Mounsey figured college hockey was in her future based on her high school performance, but another goal emerged on July 21, 1992, when the International Olympic Committee announced women’s ice hockey would be added at the 1998 Nagano Olympics.

“I had been a part of the (U.S.) national program and so once I started going in that route and getting invited to camps, I thought, ‘This is an achievable goal,’” said Mounsey, who was in eighth grade at the time. “'Yes, I'm on the younger side, but let's do this.’ Then I just set it as a goal and worked and worked and worked to achieve it.”

Mounsey took a break from college hockey in 1997-98 to concentrate on her Olympic dream. Smith, who left his coaching job at Northeastern University to coach the 1998 U.S. women’s team, had seen Mounsey play and heard of the legend of the high-scoring, hard-hitting New Hampshire girl who took no guff and gave no quarter on the ice.

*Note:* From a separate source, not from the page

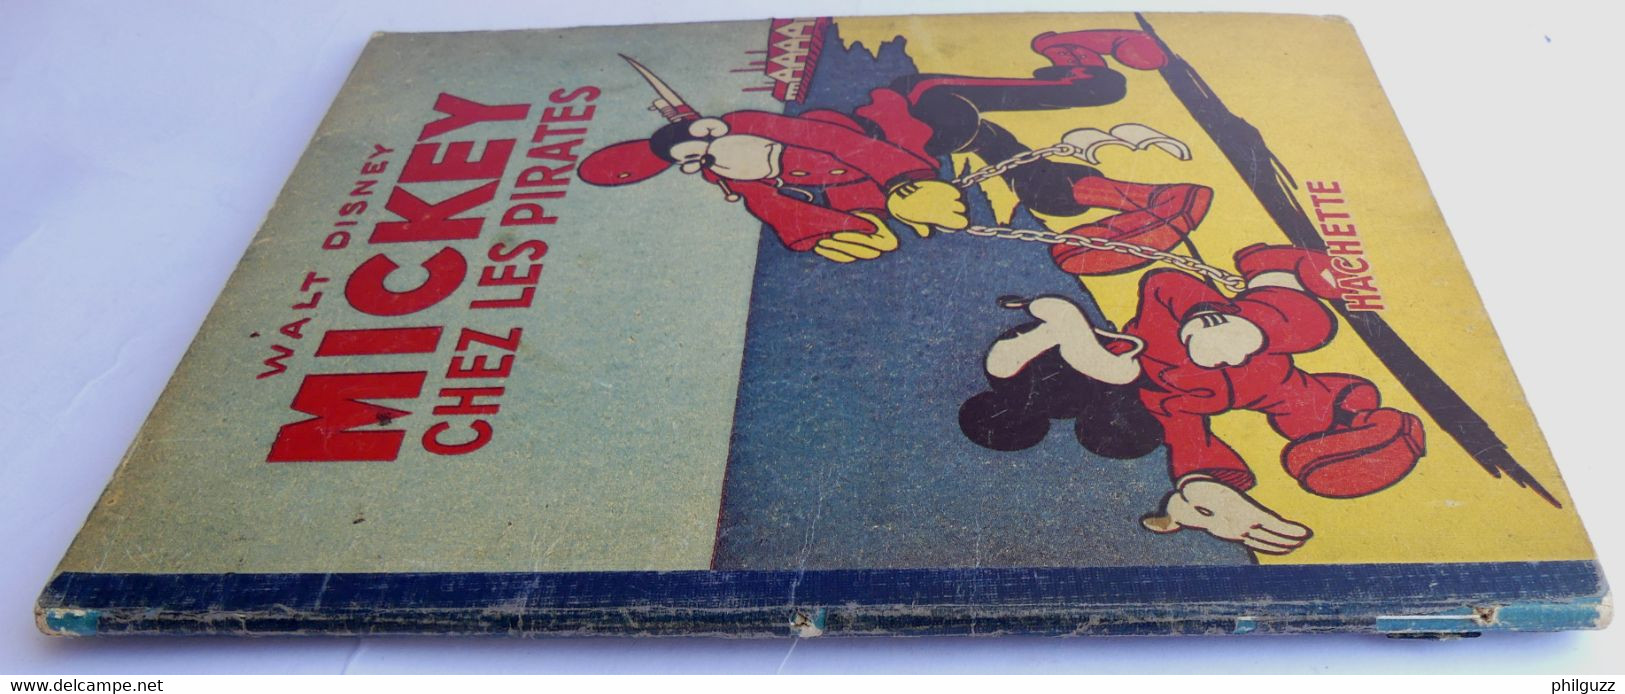 ALBUM BD MICKEY CHEZ LES PIRATES - HACHETTE  - 1948 Enfantina - Disney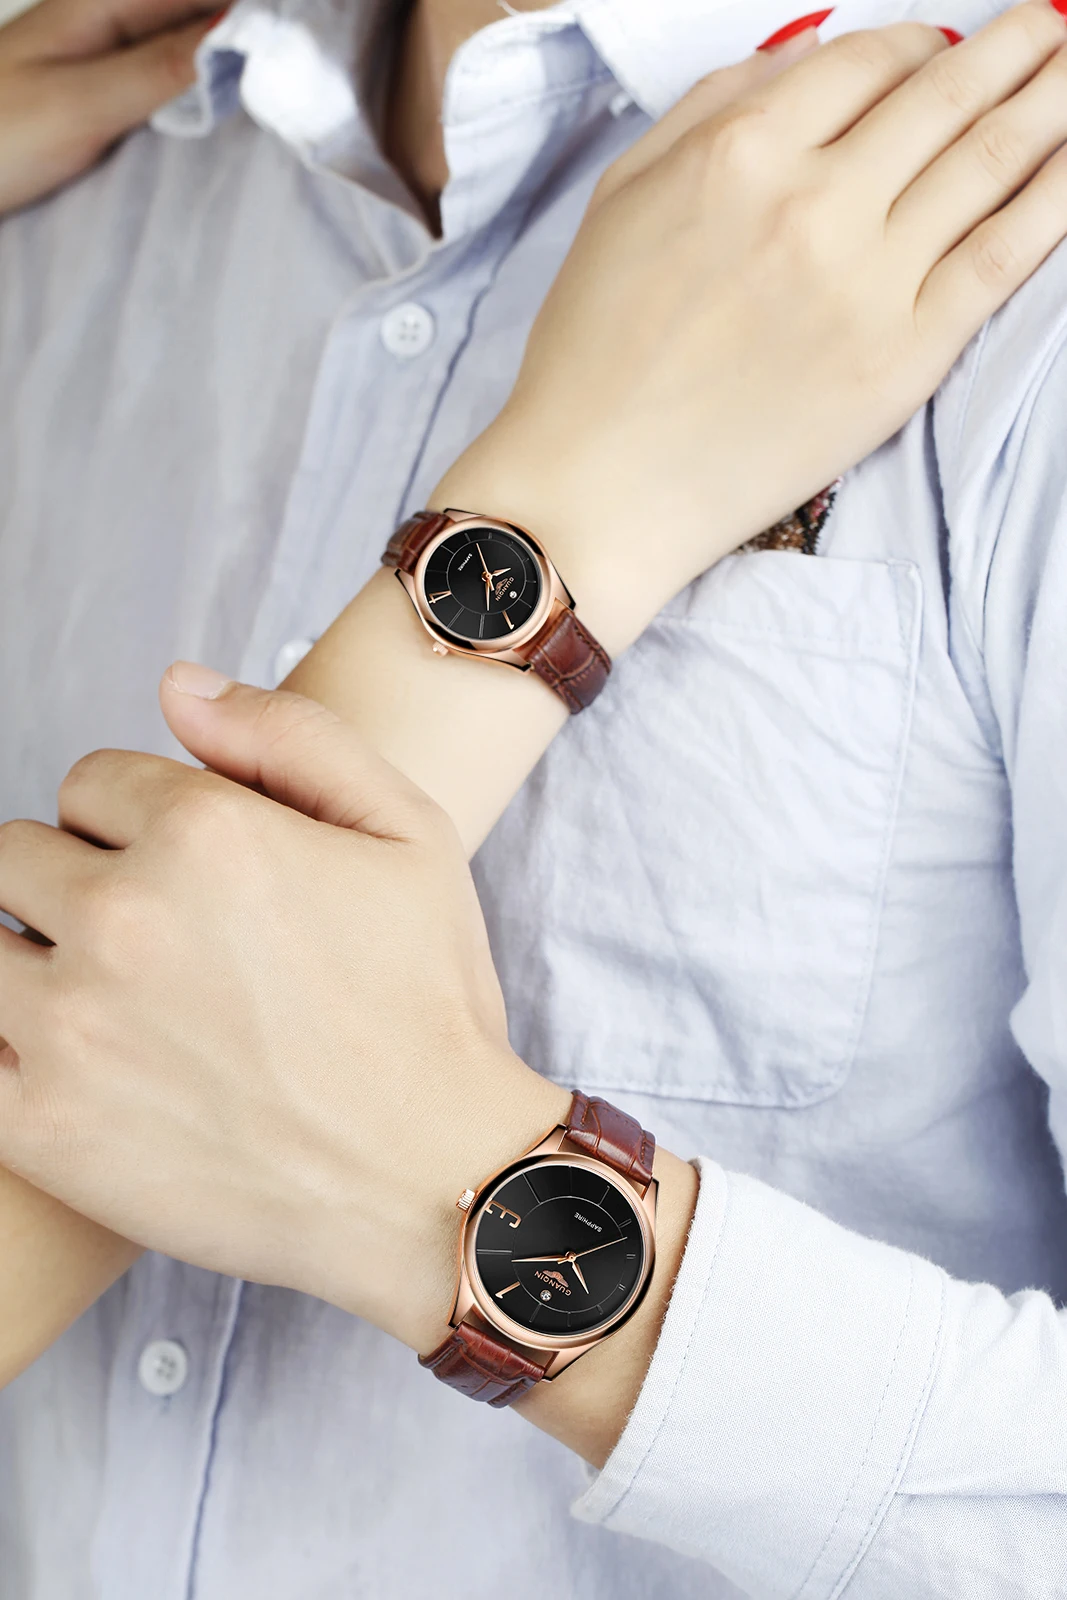 Reloj pareja GUANQIN розовое золото кварцевые часы Бизнес Мужские часы лучший бренд класса люкс Пара часы женские часы Relogio Feminino

He learned quickly that she came as advertised.

“I didn't realize she'd be as nasty as she was, that goes along with her competitiveness,” said Smith, who also coached at University of Massachusetts-Amherst, Yale University, Boston University and Dartmouth College. “Her battle approach was as good as I’ve ever been around. I've coached male Olympians, male pros and male college All-Americans, but the way she would stick her nose in at end of a play, work along the wall, block a shot or protect a teammate, she was just different.”

Mounsey laughed when she was told about Smith’s comments.

“I was clean, but I didn’t put up with anything out there, I was a bit of an enforcer,” she said. “Yeah, I kind of took competitiveness to the next level. I didn’t want to lose, and I took care of the people around me. My job? I protect the goalies. You don’t go near the goalie.”

Mounsey retired as a player in 2002 to pursue a career in medicine and because there was no place for her to go in hockey.

Tara Mounsey Hospital photo

“If there were a professional league that I could make a decent living, I probably would have played as long as possible,” she said.

She’s proud that the victory in Nagano helped trigger an explosion in girls’ and women’s hockey in the U.S., which contributed to more colleges and universities establishing women’s hockey programs and eventually led to the formation of salaried leagues like the Professional Women’s Hockey League.

“We were fortunate in the timing of including (women’s) ice hockey in the Olympics,” she said. “We really took advantage of putting ice hockey in the United States on the map globally. And the opportunity that these young athletes have now, I'm so happy for them.”

Mounsey, who earned a master’s degree in nursing from Boston College in 2006 and a bachelor’s degree in neuroscience from Brown in 2000, has been a nurse practitioner at New England Baptist Hospital in Boston for nearly 20 years.

She has a 2024 National Basketball Association championship ring to go with her Olympic and IIHF medals from her work as the hospital’s medical coordinator for the Boston Celtics.

“By way of my injuries as a player, I fell in love with orthopedics and wanted to do something in that field,” she said. “I’m tied into sport at an elite level, and I love it.”